The point of referencecounting every load is that it allows the system to know when it is safe to unload the module (when the referencecount is zero). If we have two distinct parts of the system, both wanting to use the same DLL, and they both load that DLL, you don't really want to cause the system to crash when the first part of the system closes the DLL. But we also don't want the DLL to stay in memory when the second part of the system has closed the DLL, because that would be a waste of memory. [Imagine that this application is a process that runs on a server, and new DLL's are downloaded every week from a server, so each week, the "latest" DLL (which has a different name) is loaded. After a few months, you'd have the entire memory full of this applications "old, unused" DLL's]. There are of course also scenarios such as what you describe, where a DLL loads another DLL using the LoadLibrary call, and the main executable loads the very same DLL. Again, you do need two FreeLibrary calls to close it.

How can you track memory across DLL boundaries

I want performant run-time memory metrics so I wrote a memory tracker based on overloading new & delete. It basically lets walk your allocations in the heap and analyze everything about them - fragmentation, size, time, number, callstack, etc. But, it has 2 fatal flaws: It can't track memory allocated in other DLLs and when ownership of objects is passed to DLLs or vice versa crashes ensue. And some smaller flaws: If a user uses malloc instead of new it's untracked; or if a user makes a class defined new/delete.
How can I eliminate these flaws? I think I must be going about this fundamentally incorrectly by overloading new/delete, is there a better way?
The right way to implement this is to use detours and a separate tool that runs in its own process. The procedure is roughly the following:
Create memory allocation in a remote process.
Place there code of a small loader that will load your dll.
Call CreateRemoteThread API that will run your loader.
From inside of the loaded dll establish detours (hooks, interceptors) on the alloc/dealloc functions.

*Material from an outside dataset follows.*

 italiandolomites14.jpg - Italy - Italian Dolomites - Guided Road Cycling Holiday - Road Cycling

Process the calls, track activity.
If you implement your tool this way, it will be not important from what DLL or directly from exe the memory allocation routines are called. Plus you can track activities from any process, not necessarily that you compiled yourself.
MS Windows allows checking contents of the virtual address space of the remote process. You can summarize use of virtual address space that was collected this way in a histogram, like the following:
From this picture you can see how many virtual allocation of what size are existing in your target process.

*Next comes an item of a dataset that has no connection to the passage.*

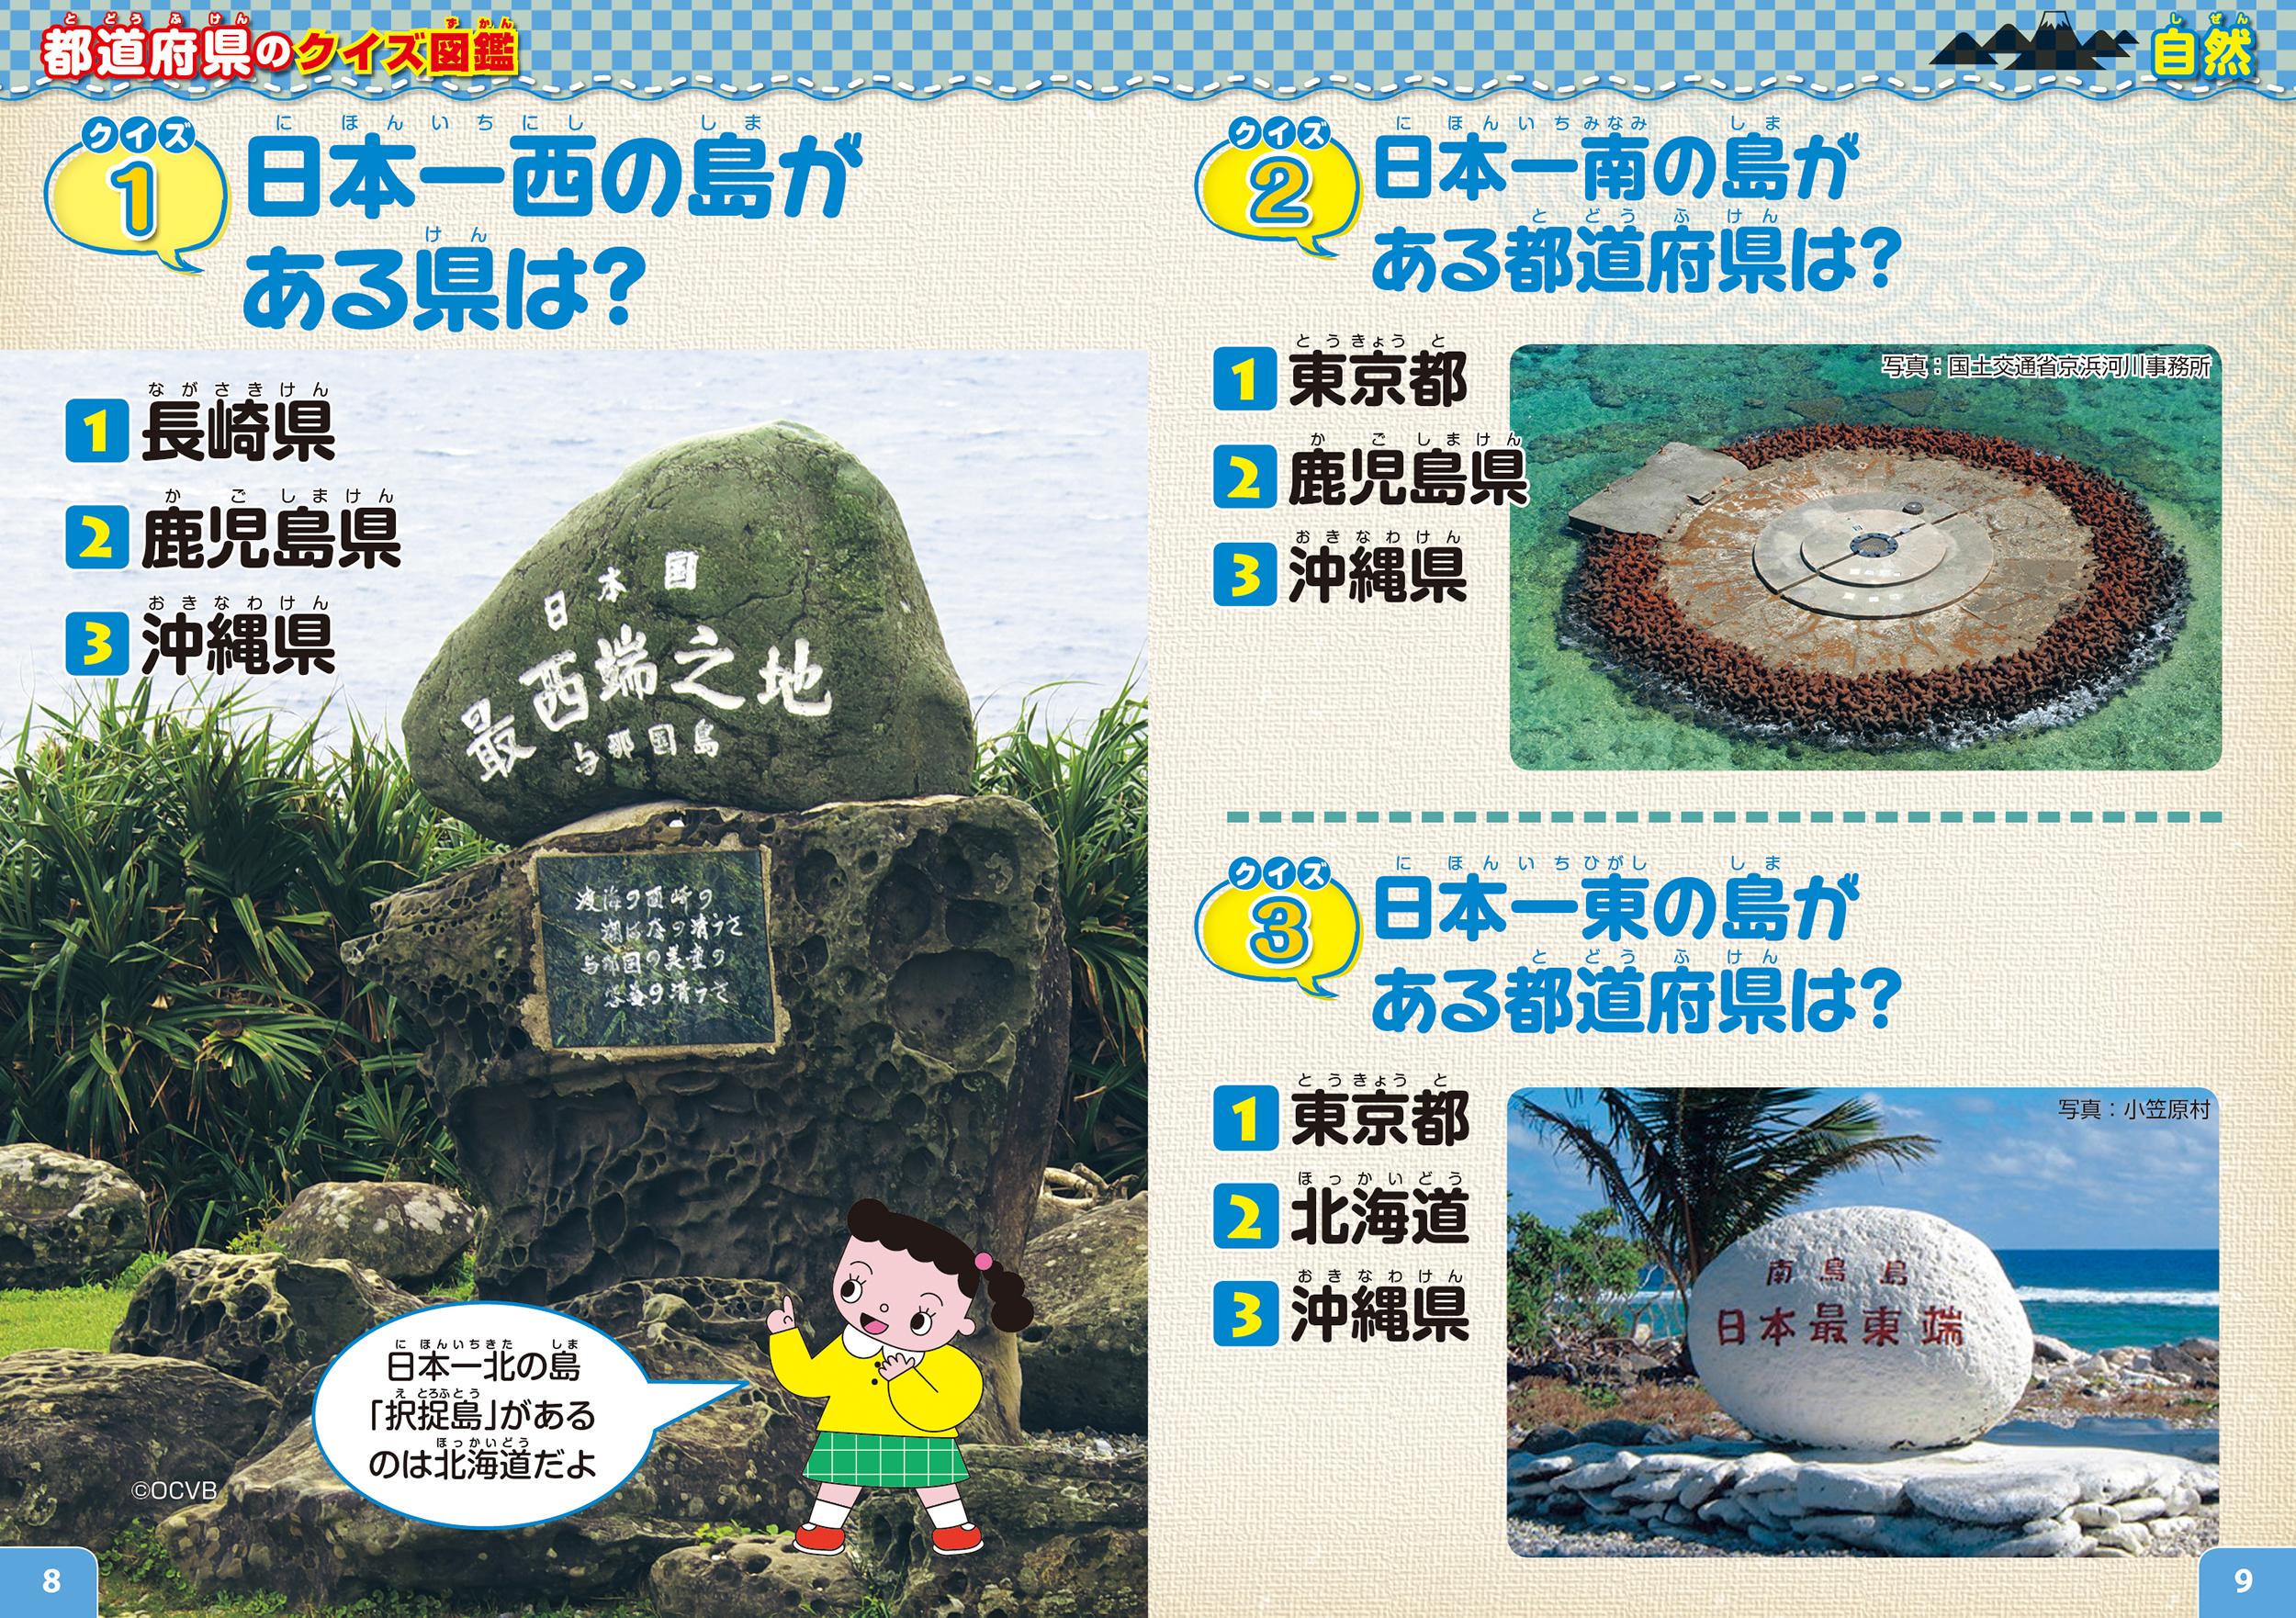 「自然など各都道府県の特徴が分かります」紙面

The picture above shows an overview of the virtual address space usage in 32-bit MSVC DevEnv. Blue stripe means a commited piece of emory, magenta stripe - reserved. Green is unoccupied part of the address space.
You can see that lower addresses are pretty fragmented, while the middle area - not. Blue lines at high addresses - various dlls that are loaded into the process.

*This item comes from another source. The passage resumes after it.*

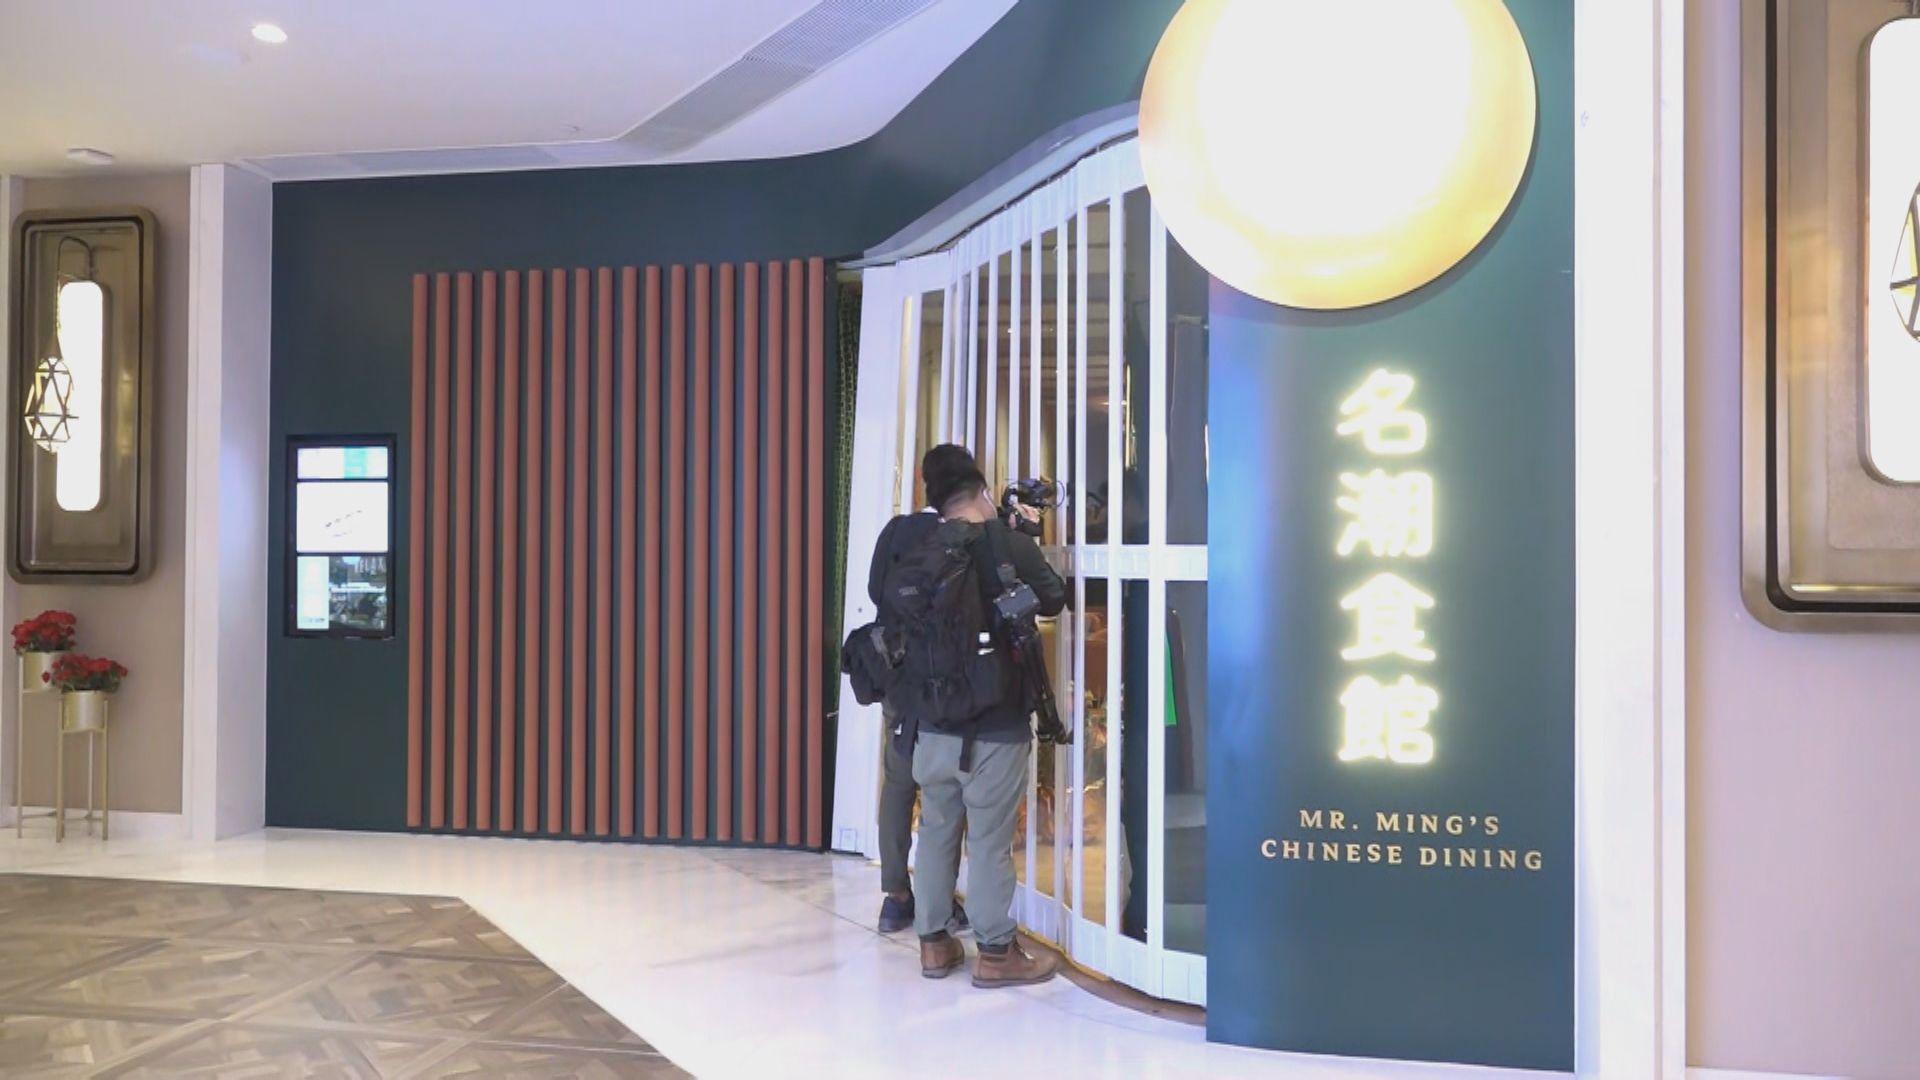 K11 Musea名潮食館群組增至11人

You should find out the common memory management routines that are called by new/delete and malloc/free, and intercept those. It is usually malloc/free in the end, but check to make sure.
On UNIX, I would use LD_PRELOAD with some library that re-implemented those routines. On Windows, you have to hack a little bit, but this link seems to give a good description of the process. It basically suggests that you use Detours from Microsoft Research.
Passing ownership of objects between modules is fundamentally flawed. It showed up with your custom allocator, but there are plenty of other cases that will fail also:
compiler upgrades, and recompiling only some DLLs
mixing compilers from different vendors
statically linking the runtime library
Just to name a few. Free every object from the same module that allocated it (often by exporting a deletion function, such as IUnknown::Release()).